According to an exemplary embodiment, the operation 709 for determining whether the audio signal includes strong music characteristics to correct an error in the determination of the linear-prediction-domain coding mode may be optional.
According to another exemplary embodiment, the order of performing operation 705 for determining whether the audio signal includes strong speech characteristics and operation 701 for determining whether the frequency domain excitation encoding mode is suitable may be reversed. In other words, after operation 700, operation 705 may be performed first, and then operation 701 may be performed.
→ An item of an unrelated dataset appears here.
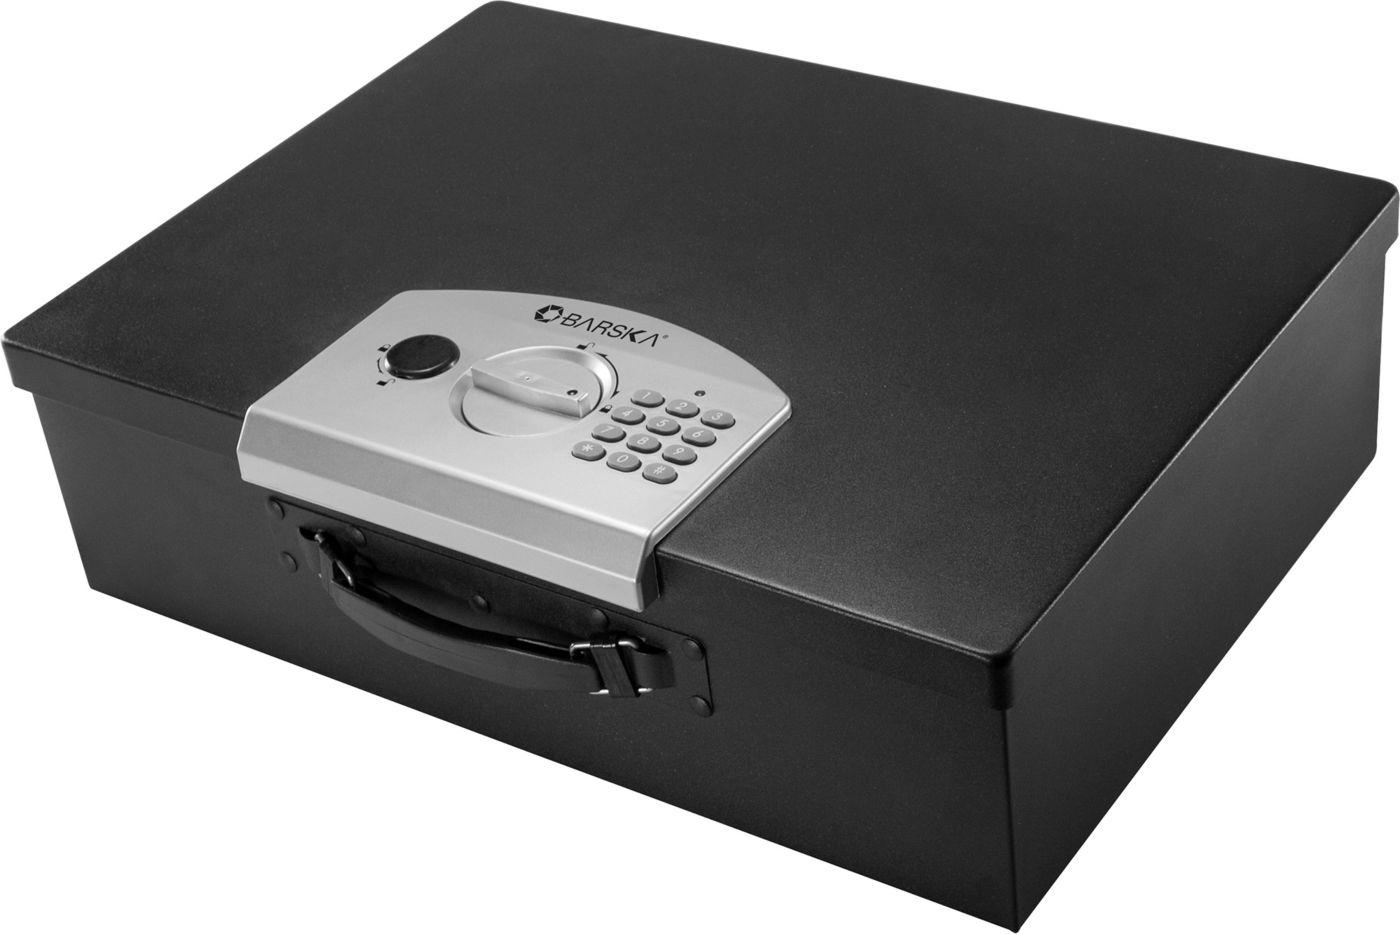 Barska Portable Keypad Safe with Digital Lock

In this case, the parameters for making the determination may be changed as necessary.
Fig. 8 is a block diagram illustrating a configuration of an audio decoding apparatus 800 according to an exemplary embodiment.
The audio decoding apparatus 800 shown in fig. 8 may include a bitstream parsing unit 810, a spectral domain decoding unit 820, a linear prediction domain decoding unit 830, and a switching unit 840. The linear-prediction-domain decoding unit 830 may include a time-domain-excitation decoding unit 831 and a frequency-domain-excitation decoding unit 833, wherein the linear-prediction-domain decoding unit 830 may be implemented as at least one of the time-domain-excitation decoding unit 831 and the frequency-domain-excitation decoding unit 833. Unless necessarily implemented as separate hardware, the above components may be integrated into at least one module and may be implemented as at least one processor (not shown).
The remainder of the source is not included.